Just prior to the passage of the 18th Amendment, Dr. Wheeler worked hard in Washington getting the Amendment into shape and Congressmen in line. Dr. Wheeler and his cohorts also lobbied vigorously for the Volstead Act. (Senator Reed: "In a word, you may almost be said . . . to be the author of the Volstead Act?" Dr. Wheeler: "No, I should say that Mr. Volstead did more work. . . . He sat up nights with it. . . .")
A. S. L. Finances. Dr. Wheeler was irked by Senator Reed's insistence upon having the names of donors and "angels" (big donors) to the League treasure chest. But Senator Reed did insist on the ground that the League is "purely political."
To the total expenditure since 1920 of over three millions by state leagues in New York, Ohio, New Jersey and Indiana, figures came forth for 16 other states, bringing the state totals to $6,487,291. This added to the national League's expenditures from 1895 to 1920, (geting the U. S. dry) and since 1920 (keeping it so), made a grand Dry outlay of $44,917,576.
It is a comparatively simple thing to raise money for a Reform. It is less easy, more ticklish, to solicit funds to combat a Reform, even when the appeal is for moderation in good works, for making haste slowly, for not courting fresh evils by a too-sudden reversal of a legal status quo. No one was vastly surprised, nor filled with misplaced admiration, when the Wet chief reported political moneys that totaled an insignificant one-fiftieth of the Dry moneys. The Wets have been in action only eight years, and not until the evils of Prohibition became pronounced did they become truly active. Moreover, their organization, while as efficient as the Anti-Saloon League, has been tentative in purpose and vague in action. Where the Anti-Saloon League has the sympathy of classes ranging from fanatic moralists to sound business men and astute bootleggers, the Association Against the Prohibition Amendment is supported only by libertarians. That persons profiting from the liquor business in the past or present have been denied leading parts in the A. A. P. A. was declared and proved by that body's chief.
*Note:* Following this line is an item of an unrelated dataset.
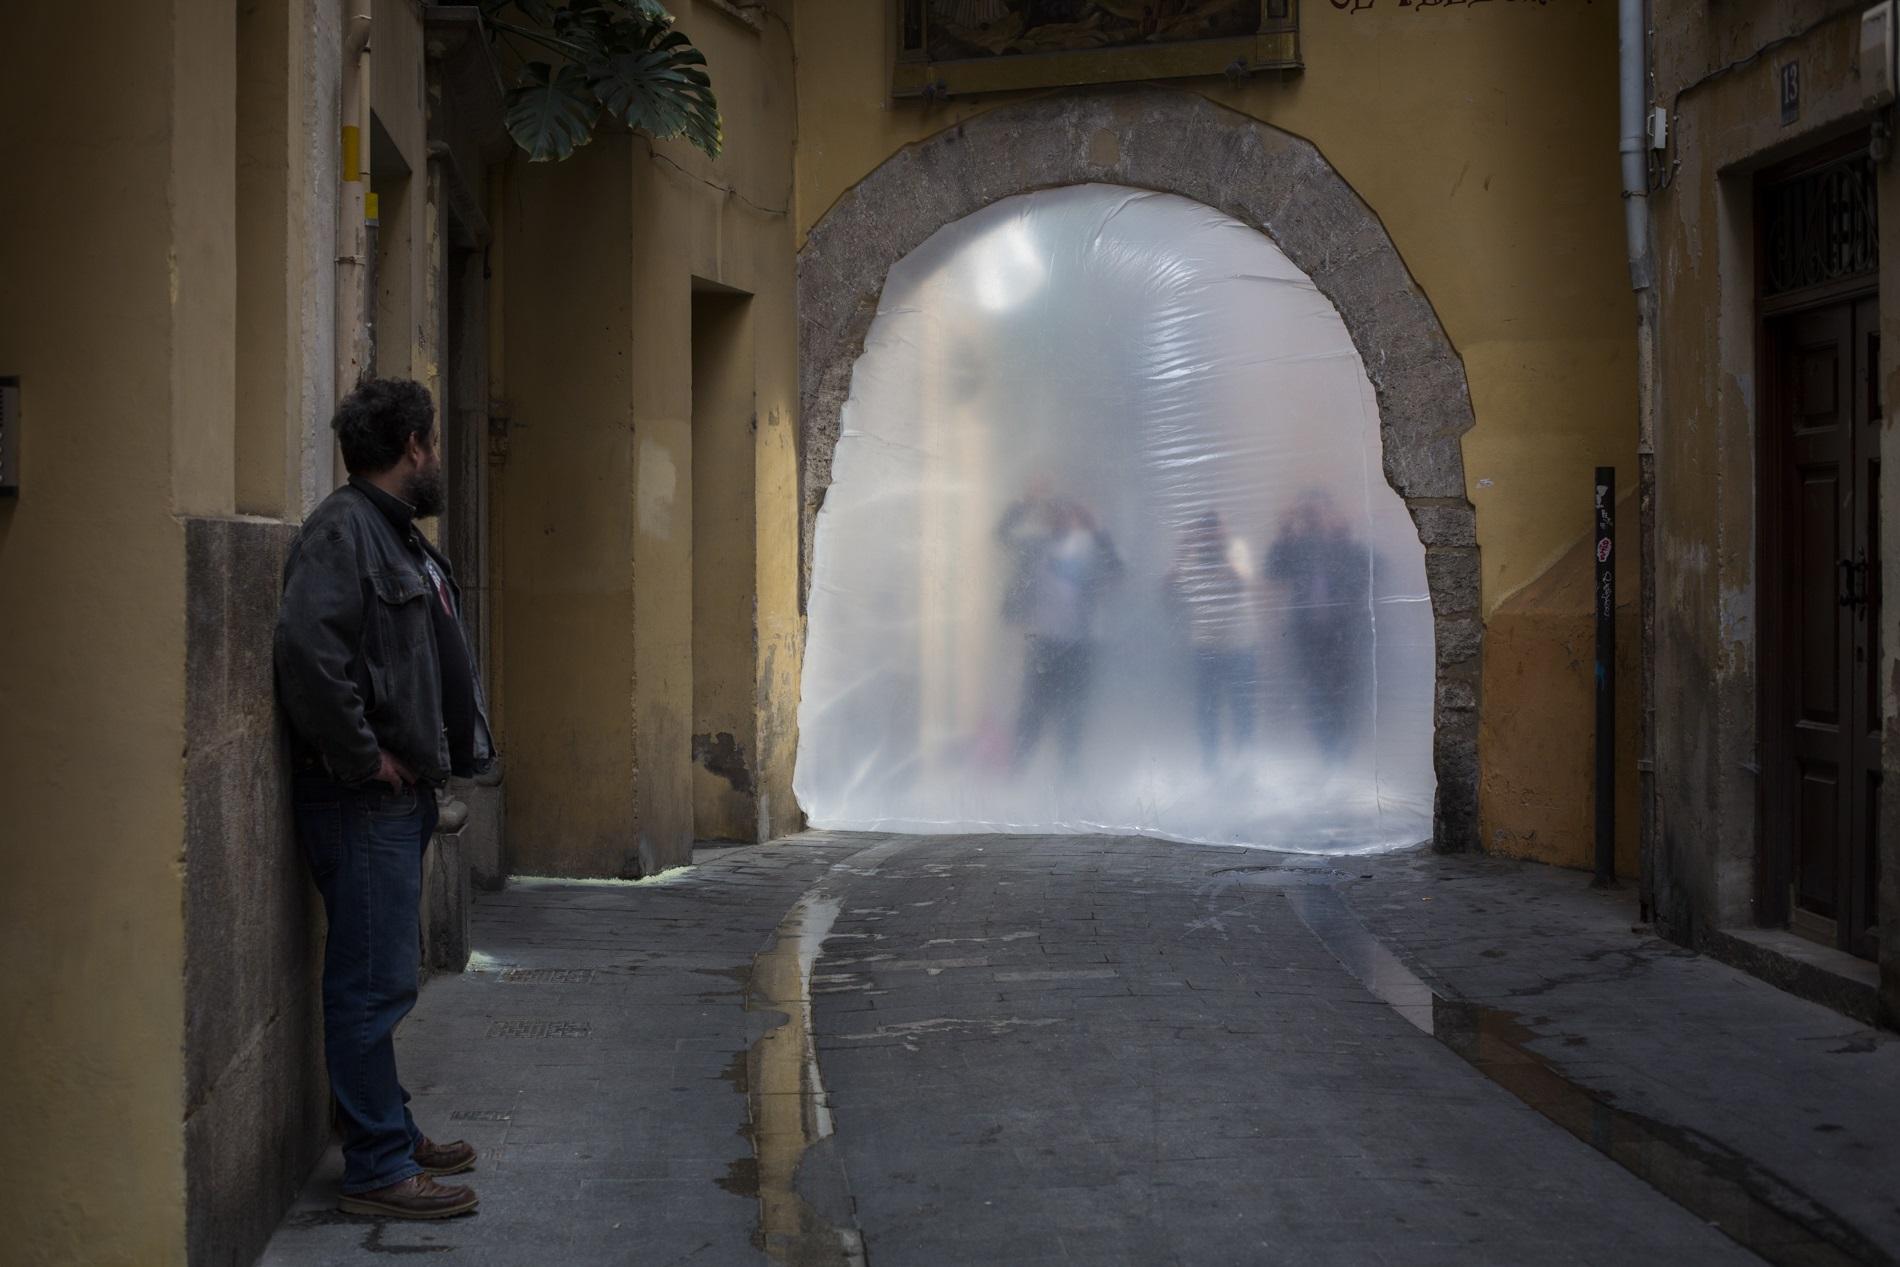 El arte urbano en Intramurs, pasa incluso por sellar túneles de la ciudad.

This chief is a stocky, square-jawed ex-captain of Marines; a steam boat operator with a shipshape mind and terse, nautical manner. He answered questions so unhesitatingly, in such swift accents, that the shorthand reporters had to ask him to avast and go more slowly.
A. A. P. A. William Henry Stayton, he said he was, of Smyrna, Del. He and one Gordon C. Hinckley had conceived the A. A. P. A. in 1918, incorporated it in 1919. They had signed up prominent people.
A. A. P. A. Finances. Between 1919 and 1925, total annual revenues of the national body had averaged $36,000. Since the Corrupt Practices Act was passed a quarterly statement had regularly been submitted to Congress. This would now show an average income, state and national, of roughly $600,000 per annum.
A. A. P. A. Politics. A card index of the members (now 726,000) had been kept. Political activities had consisted in circularizing these members; holding mass meetings (not issuing money to candidates); advertising and lecturing in states where the liquor issue is alive (as at this November's referendums, scheduled or proposed, in New York, Montana, Illinois, Missouri, Wisconsin, Colorado, California, Nevada). In the Pennsylvania primary, Wet Vare had been supported, frankly as the least of three evils to the extent of $3,500. (The Dry expense for Pinchot was over $100,000).
Unlike the Anti-Saloon officials, Captain Stayton's salary from the A. A. P. A. was zero dollars and always had been. Like the Anti-Saloon Leaguers, he was ready to put the Wet principle above party interests, but not to the extent of breaking pledges after primaries. He was nonpartisan, never anti-partisan.